March 02nd, 2009

Tax exemptions for livestock show awards shelved

Oklahoma City - State Capitol – A bill that would help youth participating in this weekend’s Pittsburg County Junior Livestock Show was shelved last week in the House of Representatives.  Local legislators today expressed disappointment that the bill is stalled for the remainder of this legislative session. 

HB1918 would have exempted cash awards given at youth livestock competitions from state and federal income taxes.  Though it unanimously passed an appropriations subcommittee, leadership on the Appropriations and Budget Committee refused to take up the bill.  Now the legislation will not be allowed a hearing until at least 2010. 

“This bill would have directly helped youth and families in this difficult economic time,” said Rep. Brian Renegar, D-McAlester.  “I’m disappointed it never made it to the House floor. 

“The work that these young people put into raising livestock for show is no less important – and no less difficult – than work they do in the classroom.  This legislation would have ensured that the money they earn showing livestock would be treated the same as an academic scholarship.  I really believe most of us can stand together and agree that this is important legislation.  Unfortunately, some of our House leadership failed to see its value.” 

Rep. Terry Harrison, D-McAlester, believes this legislation could have made a critical difference for youth in FFA and 4-H, affecting whether or not they’re able to participate in these shows. 

“These young men and women work incredibly hard on their livestock projects and are currently required by law to pay taxes on the prize and premium monies they may earn for their achievement,” said Rep. Harrison. 

“If we want to encourage groups such as FFA and 4-H to grow, if we want to instill the values and work ethic of Oklahoma farmers and ranchers in our school children today, then we as legislators must commit to making these shows economically viable.  Otherwise, we will fail to support and nurture Oklahoma’s next generation of farmers and ranchers.” 

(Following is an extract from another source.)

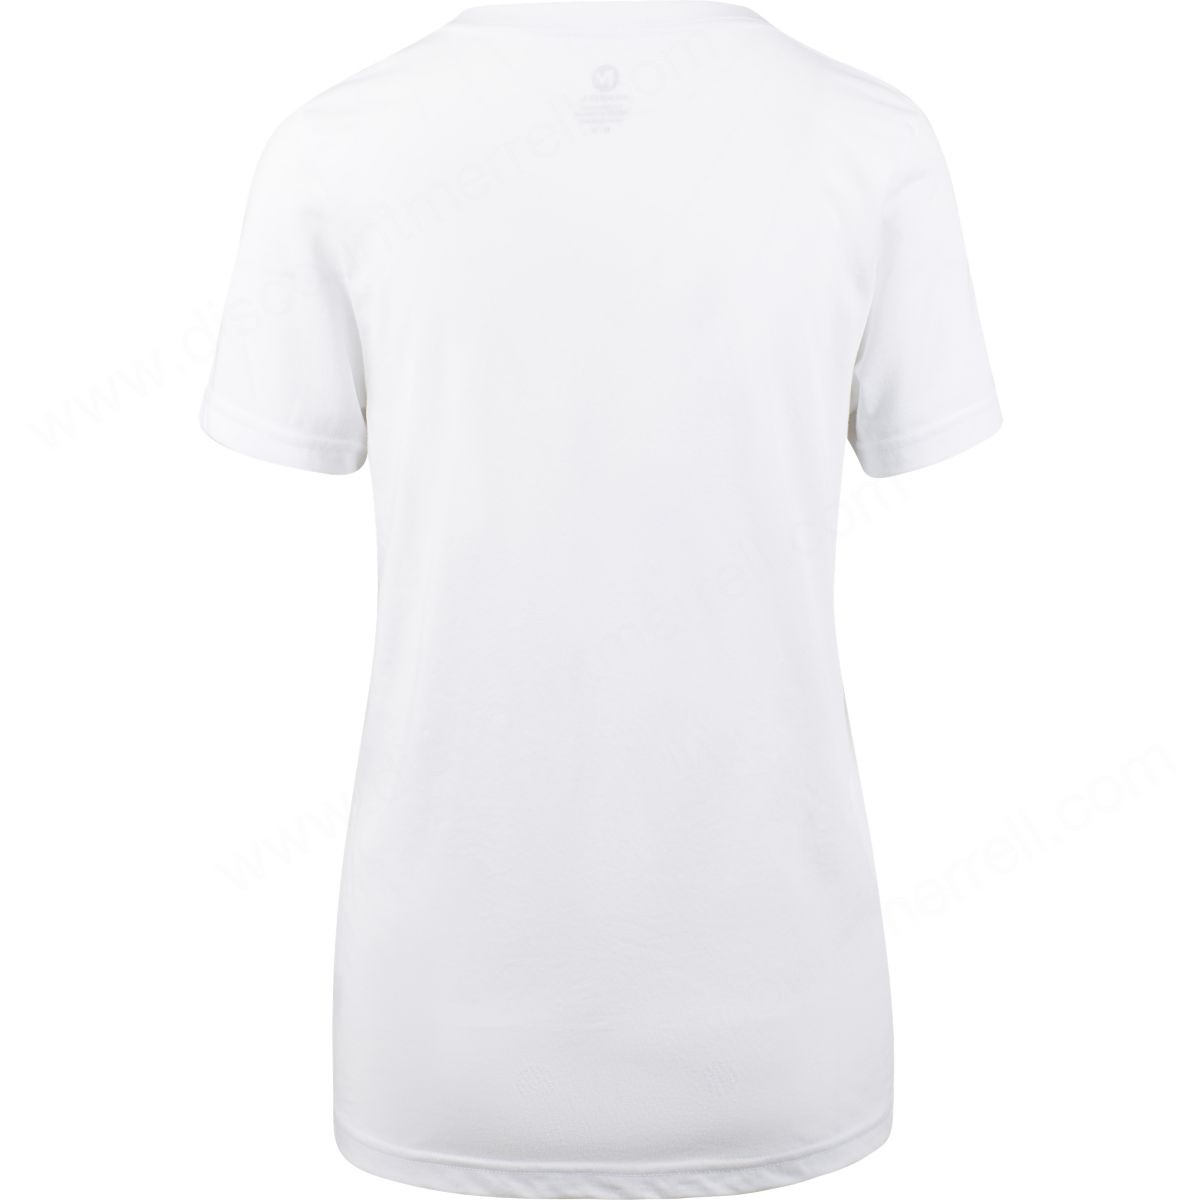 Merrell Womens's Desert Rose T-Shirts White - -1

Rep. Renegar added that he wished his colleagues would be consistent in how they approach tax relief. 

“Last year, my colleagues voted in $60 million to $100 million in tax breaks to bring an NBA team to Oklahoma City.  And this year, they’re turning around and telling thousands of hard-working Oklahoma youth we value them less than a basketball team,” he stated.  “That’s terribly hypocritical and downright insulting to Oklahoma’s rural families.” 

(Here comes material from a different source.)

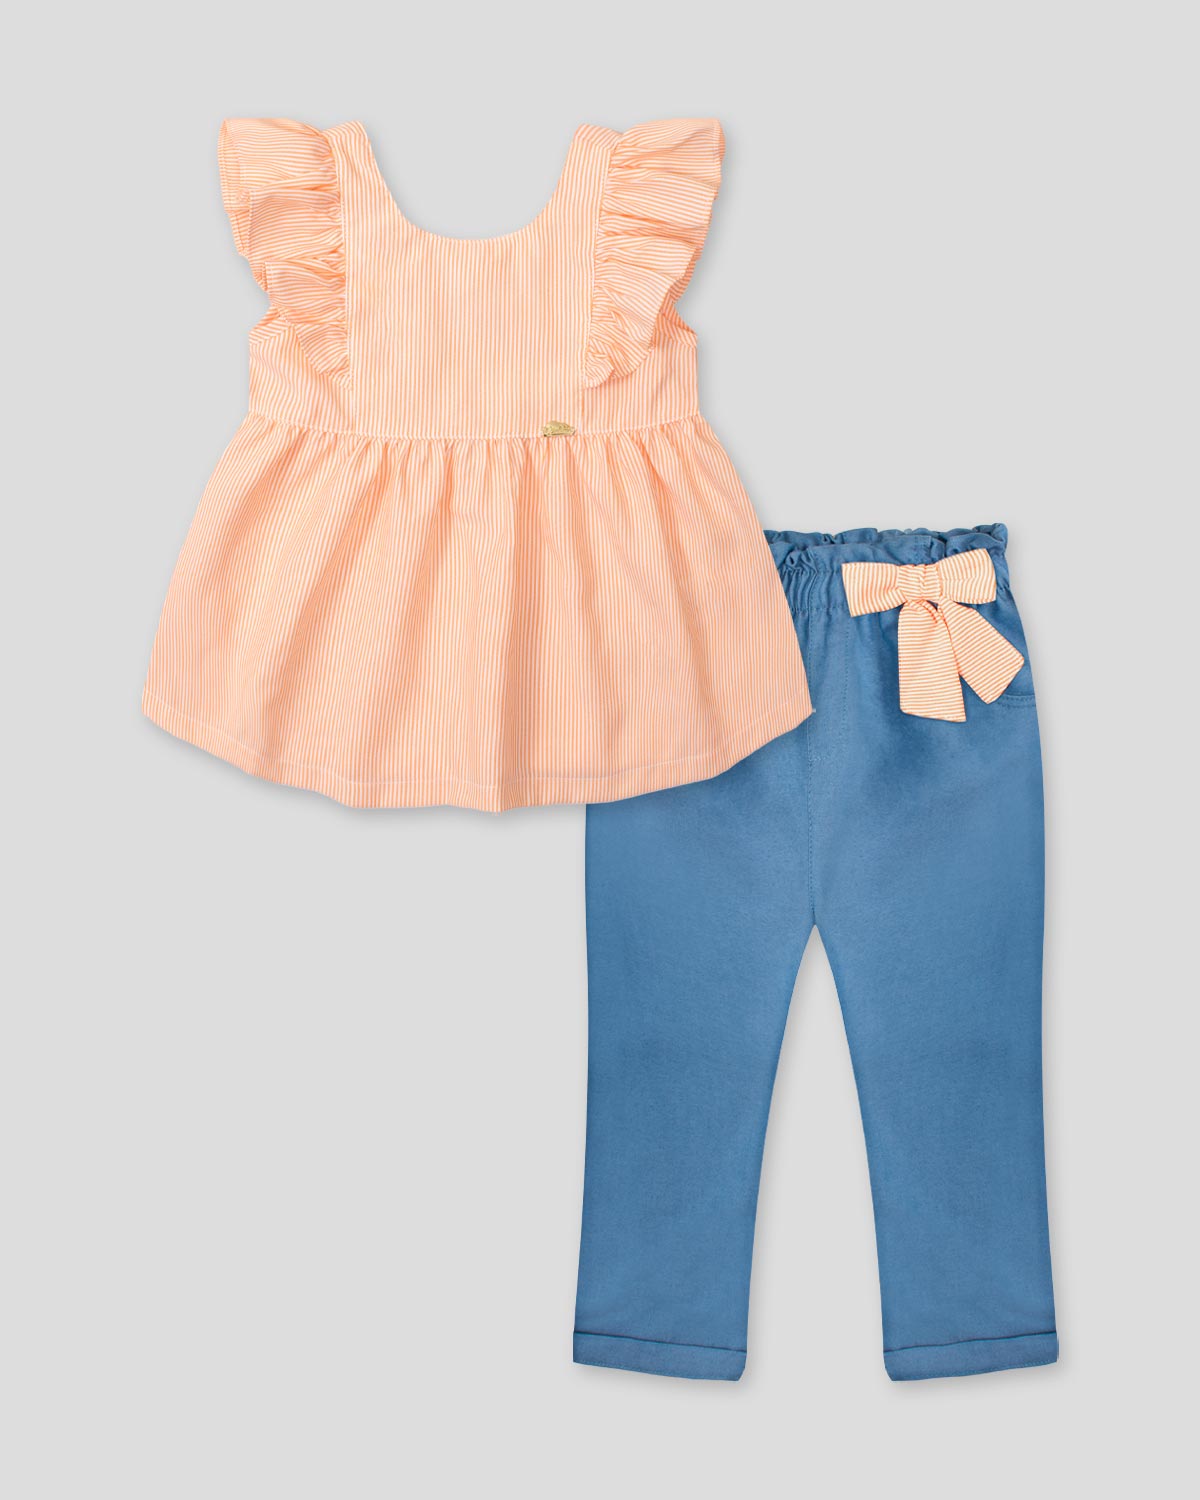 Conjunto blusa de líneas naranjas con bolero en manga y leggins chambray con detalle de moño para bebé niña

Reps. Harrison and Renegar both plan to attend this weekend’s livestock show and congratulate the participants on their hard work. “I wish we could go to the show and tell our 4-H and FFA members that we got this bill passed,” said Rep. Harrison.  “I really wish we could tell them that the entire House of Representatives was standing up for them.  It’s unfortunate that the House leadership would literally “shortchange” Oklahoma’s youth.”